= Dolph Map Company =

U.S. publisher
The Dolph Map Company is a U.S. publisher of city and state road maps, based in Fort Lauderdale, Florida.

Dolph Map Company was founded in 1926 by Frank Dolph Sr., a one-time employee of the New York-based Hagstrom Map Company. Dolph has specialized in highly detailed commercial and custom maps of cities in the southeastern United States, especially within the state of Florida. The company also publishes wall maps, waterway maps, digitally disseminated maps, maps on CD, print street atlases, and has published for phone directories and law enforcement agencies.

During the period between 1950 and 2000, Dolph published maps for cities in more than 20 states, though their primary focus has been the Southeastern US, and many of the 1950s and 1960s maps of cities in the Midwest and other parts of the U.S. have gone out of print.

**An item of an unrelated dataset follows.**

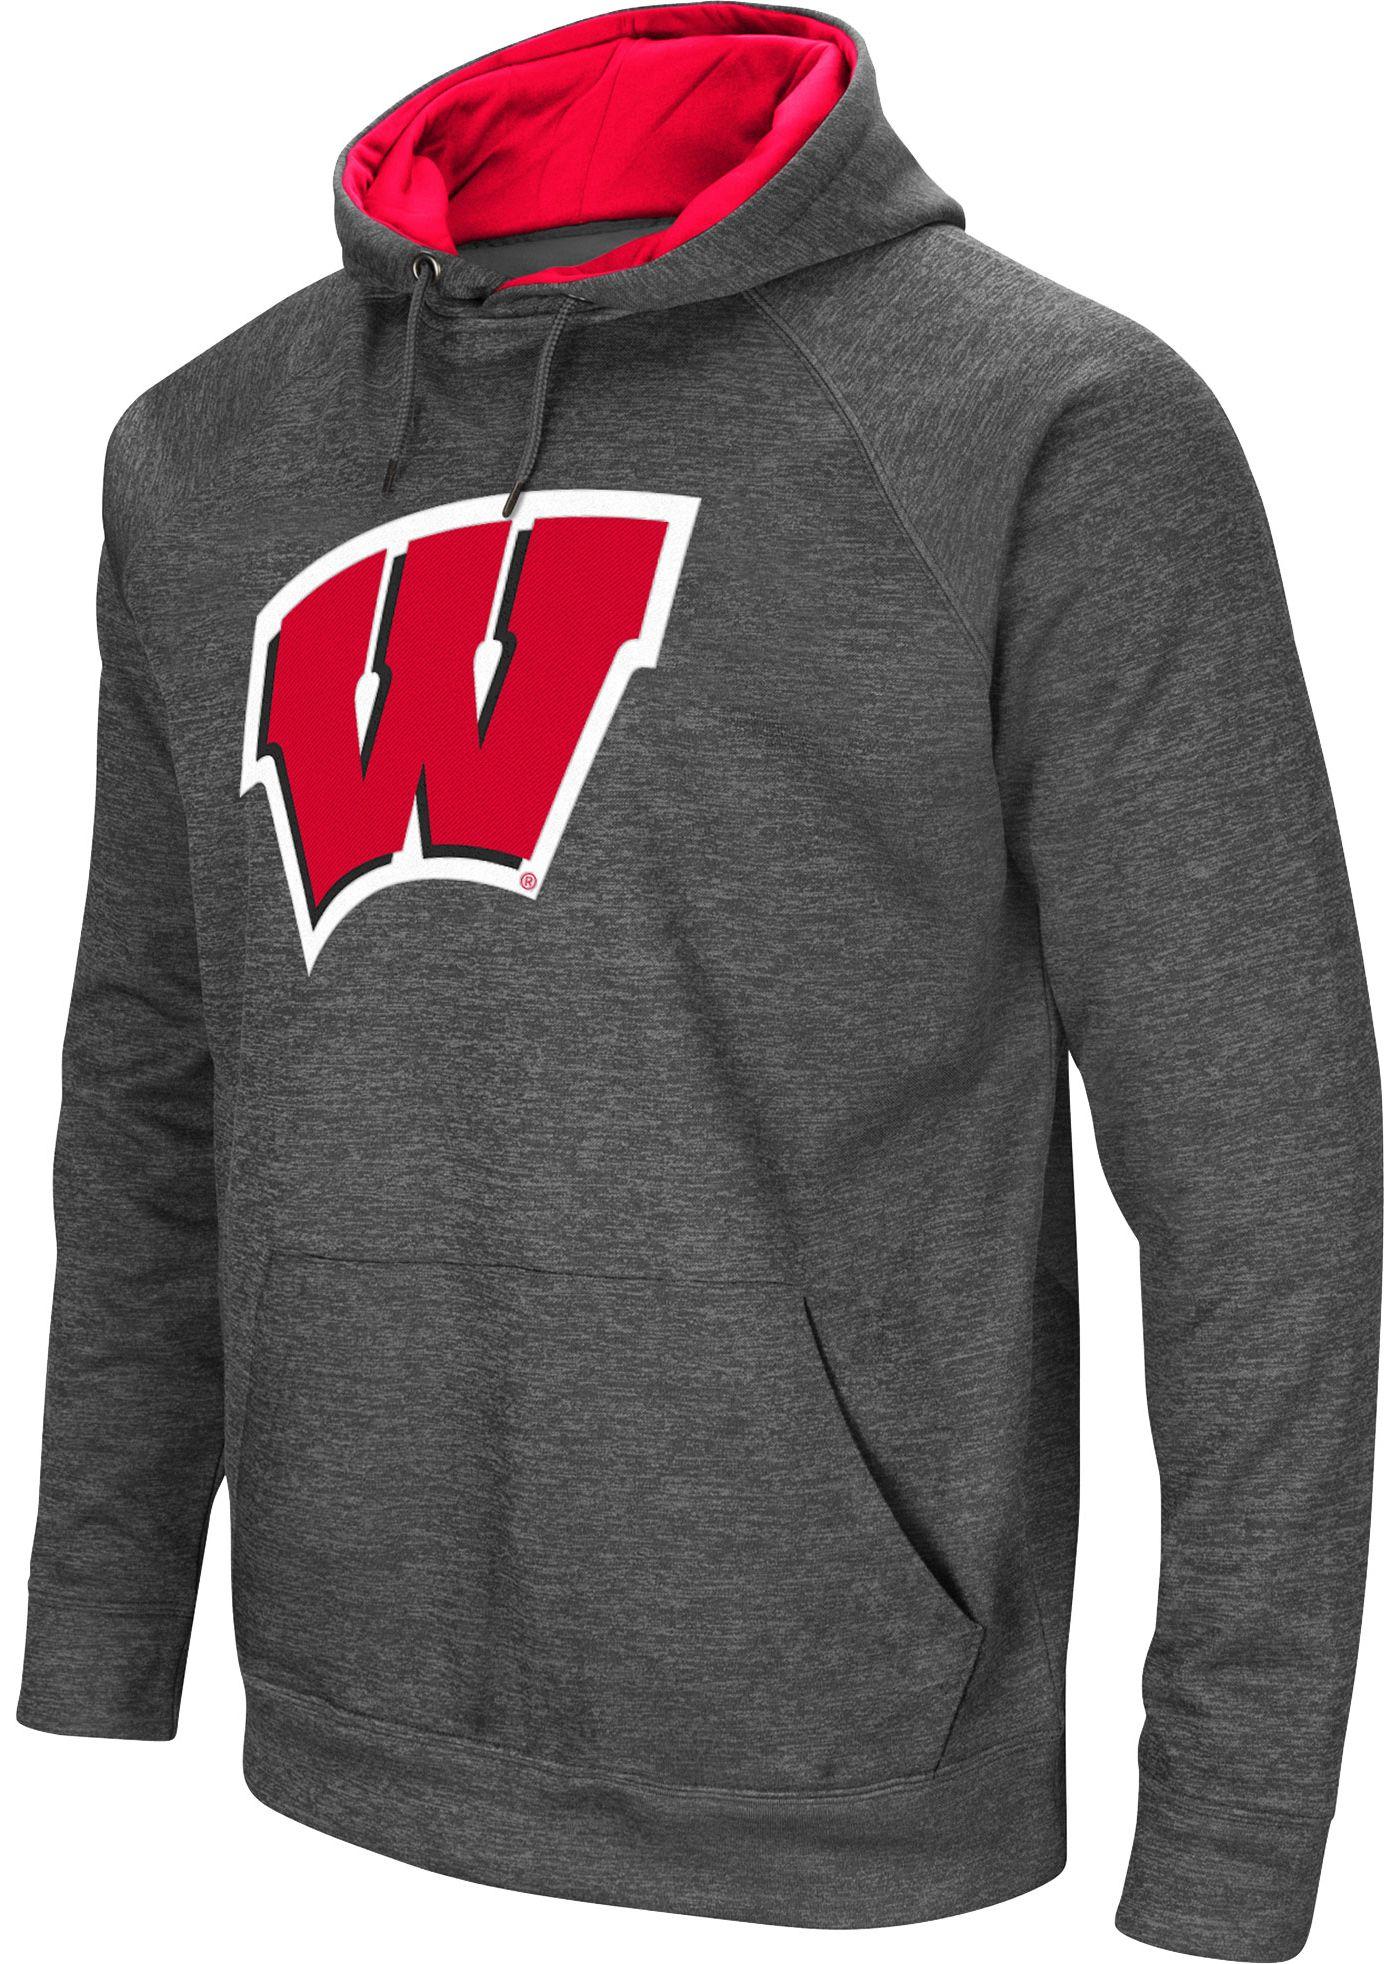 Colosseum Men's Wisconsin Badgers Grey Fleece Pullover Hoodie

As of 2010, maps of cities in Georgia, South Carolina, Virginia and Texas are also listed in their catalog, and custom-produced maps of cities elsewhere in the southern U.S. are commonly available through banks, real estate agencies and business organizations. The family business was run by Frank Dolph Sr., his son Frank Dolph Jr., and Frank Jr.'s son Ryan Dolph. In 2002, it was rebranded GIS Dolph Map.